As with any genetic test, there is a risk of detecting secondary or incidental findings. DNA sequence analysis of tumor tissue may identify variants linked to familial cancer syndromes in addition to somatically acquired mutations. Correct classification of these variants can be difficult, because there is overlap between mutations described as somatic changes and those linked to familial cancer syndromes.48, 50, 54, 55 Although it is possible to distinguish between a germline and a somatic change by paired analysis of germline and tumor tissue, current laboratory workflows and economic realities limit NGS to the tumor specimen itself. In the context of the WUCaMP assay, whenever a clinically significant variant is suspected to be constitutional, the ordering clinician is informed, formal medical genetic evaluation is recommended, and, if clinically indicated, a constitutional sample (such as a buccal swab or peripheral blood specimen) is obtained, to establish the correct classification of the problematic variant by Sanger sequencing.

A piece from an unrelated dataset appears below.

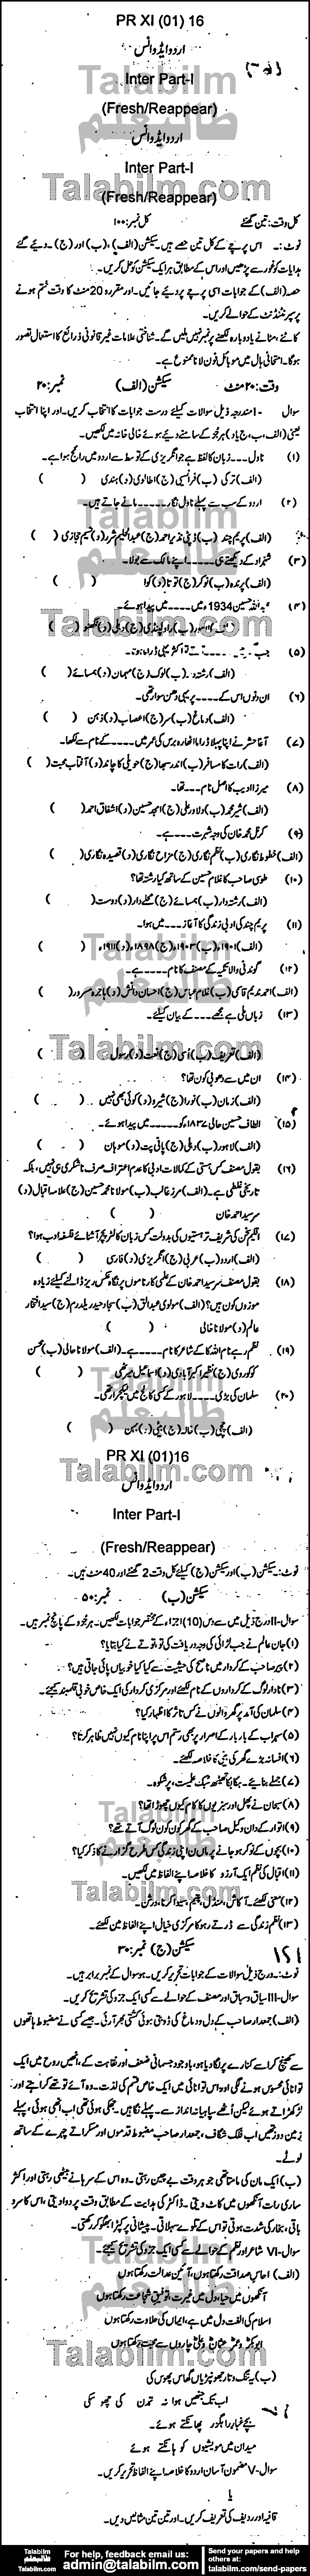 Urdu 0 past paper for Group-I 2016

Here, we have described the validation of an NGS-based clinical oncology test for the detection of somatic variation in actionable gene targets. The validation process we describe for SNVs addresses recommendations of Gargis et al,¹⁹ the NGS checklist requirements of CAP,¹⁸ and NGS regulations of the New York State Department of Health. As detailed above, our validation approach for independent confirmation of SNVs meets these requirements, inasmuch as our approach includes comparison of our results with publicly available whole-genome sequence data, SNV calls extracted from publicly available microarray data, and data from Sanger sequencing performed in our laboratory. Likewise, we have independently confirmed well in excess of 10 SNVs from patient samples in which NGS detected a 1-bp change.

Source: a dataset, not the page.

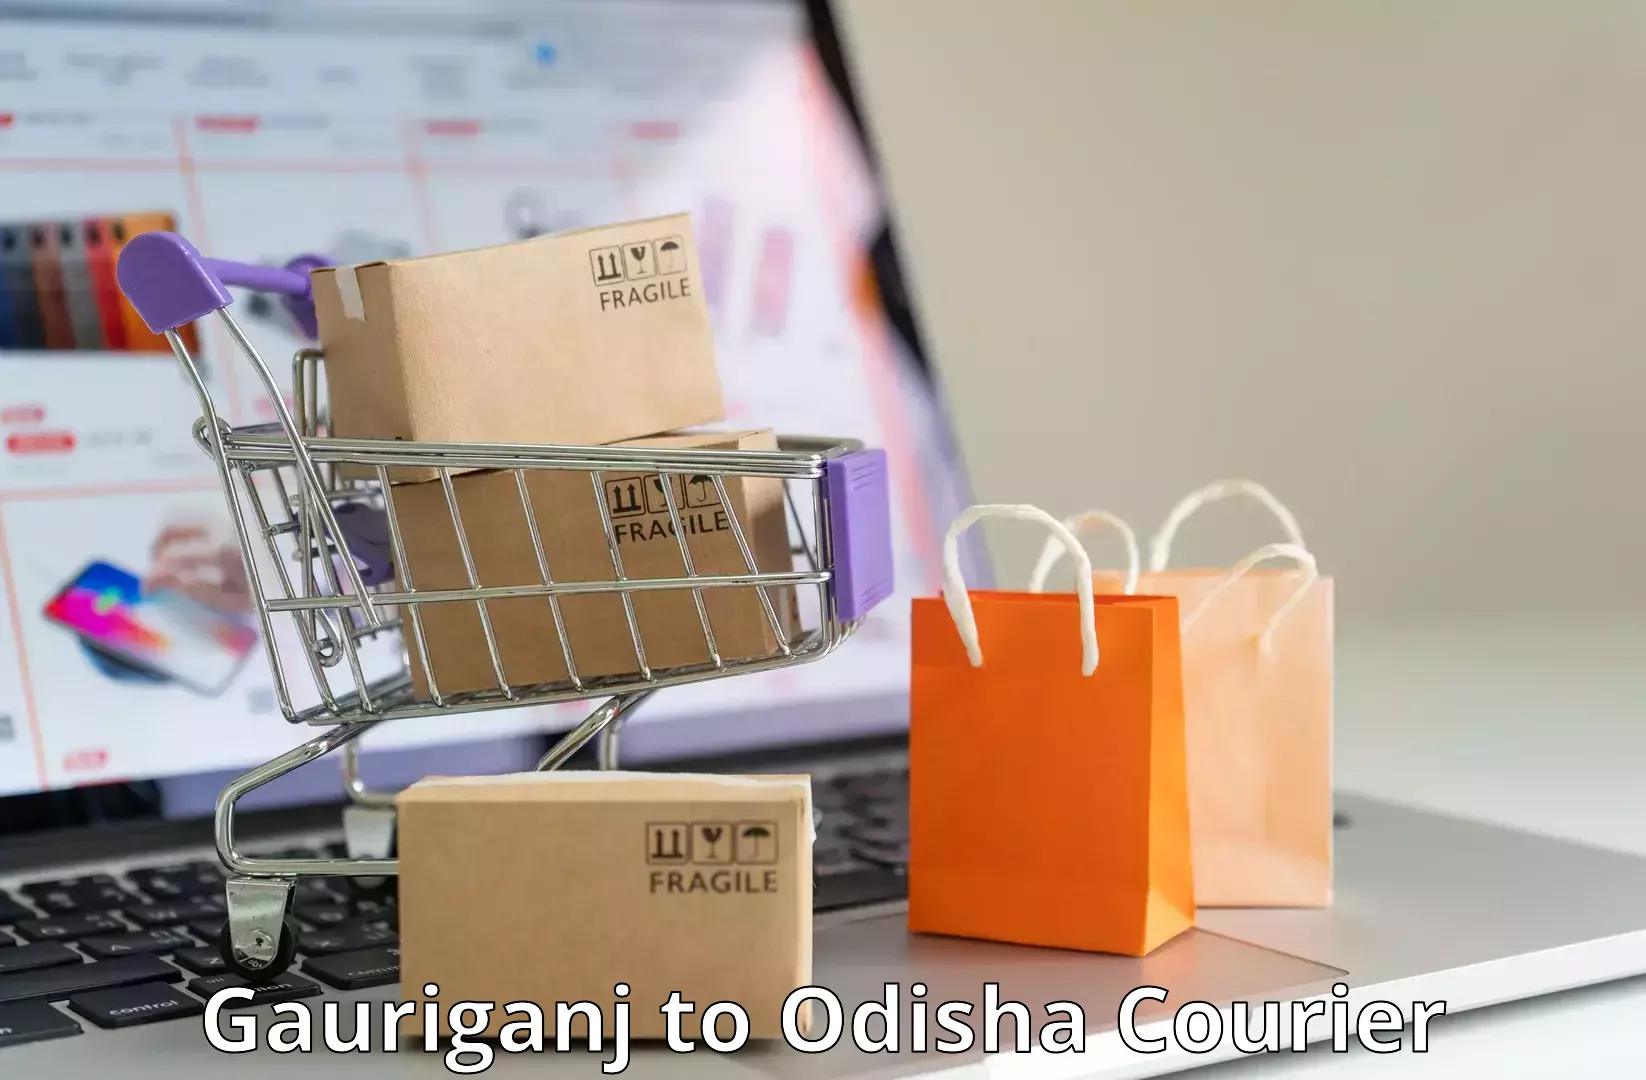 User-friendly courier app Gauriganj to Odisha

There is admittedly some ambiguity as to the precise intent of some of the recommendations of the regulatory entities. For example, the New York State Department of Health regulations require that a minimum of 10 positive patient samples “for each type of variant in each target area” must be independently confirmed. It is reasonable to interpret the phrase “each type of variant” as referring to the class of variant (namely, SNVs as opposed to indels, structural variants, or copy number variants), rather than to the functional consequence of the variant (splice site, versus coding region synonymous, missense, or nonsense) and to interpret the phrase “target area” as referring to the entire 300-kb capture region of our assay, rather than to specific mutation hotspots, exons, or genes, as we did for the validation of our assay. Nonetheless, other interpretations are possible that would clearly require different validation paradigms in routine clinical practice. Because the New York State Department of Health requirements seem to be the most rigorous yet published, there is no doubt that the ambiguities must be addressed. Thus, the type of regulatory uncertainty highlighted by our validation approach for SNVs in tumor samples will likely be of interest to many entities as they develop guidelines for NGS-based clinical testing that address the technical and bioinformatic features of hybrid capture-based methods, as well as amplification-based methods.

The various features of our validation approach for SNVs in tumor samples evaluated by NGS should prove useful to clinical laboratories developing similar approaches to test tissue samples to guide patient management in the emerging paradigm of precision medicine (or personalized medicine), whether at the time of diagnosis or at relapse. Similarly, our validation approach should also prove useful for clinical laboratories developing validation approaches for the other classes of somatic variation, including indels, copy number variation, and structural variation.